ZIP has been one of the most popular and widespread archive formats since the days of DOS, based on compression algorithms proposed in the 80s of the last century by Israeli mathematicians Lempel and Ziv. It is distinguished by an acceptable degree of information compression and fairly high performance. Today it is a de facto standard on the Internet, and almost all archiving programs must support it.

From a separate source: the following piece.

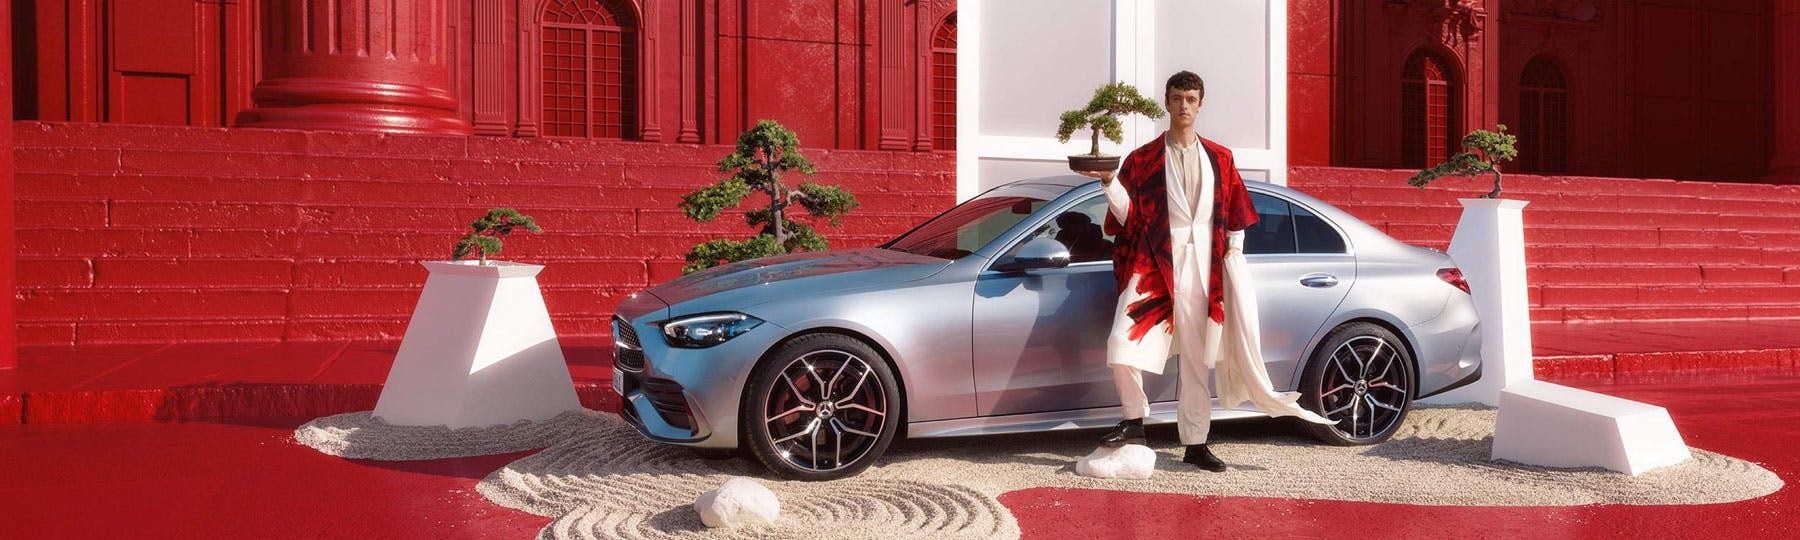 New Mercedes-Benz C-Class Saloon
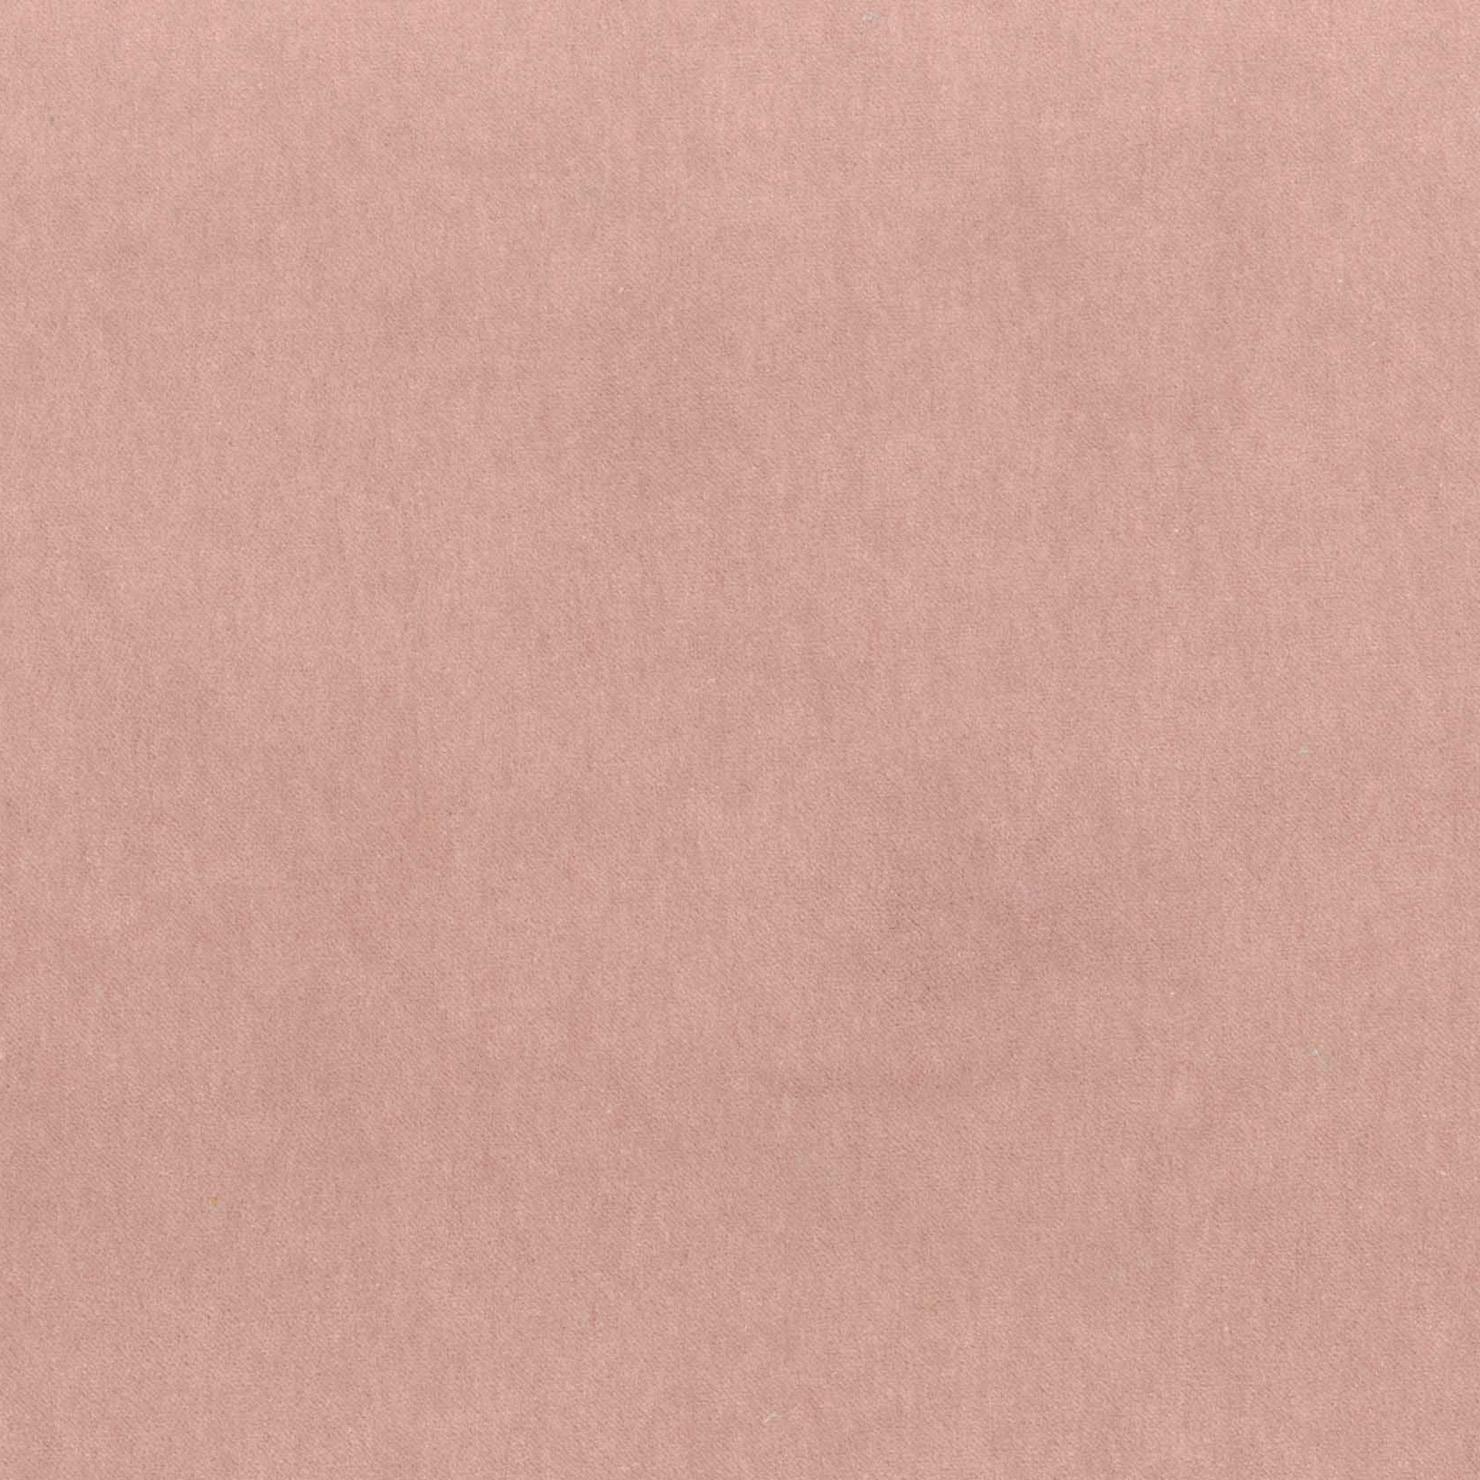 4 Malibu velvet pwdr pink

RAR - developed by Russian programmer Evgeny Roshal and allows you to get a compressed file size that is much smaller than ZIP, but the price for this is a longer archive processing process. In general, the RAR format is much better optimized than others for solving complex problems using a large number of files and gigabyte disk spaces.
ARJ is a somewhat outdated format, which is still perhaps distinguished by the widest customization options.
CAB is used in Microsoft products as a standard for packing files, and its algorithm, not published anywhere and kept by the company under seven seals, is a fairly advanced product with a high compression ratio.
GZIP, TAR - are most widespread in systems based on Unix and its most popular variety, Linux.
ACE is a fairly new format with a high compression ratio that is gaining increasing popularity.
Many programs that are quite popular in the world of archivers are based on one format or another and have similar names. For example, for Windows OS the most popular archivers are WinRAR, WinZIP, WinACE. In addition, they all have tools for working with other archive formats. Despite this, problems may arise with compatibility of archive formats in different programs. In many cases, a successful solution to the problem of compatibility of archives of various types is to create archives in the form of self-extracting programs (EXE files), which include all the necessary mechanisms for extracting information from the archive, thus eliminating the need to have a corresponding archive unpacking program on the computer.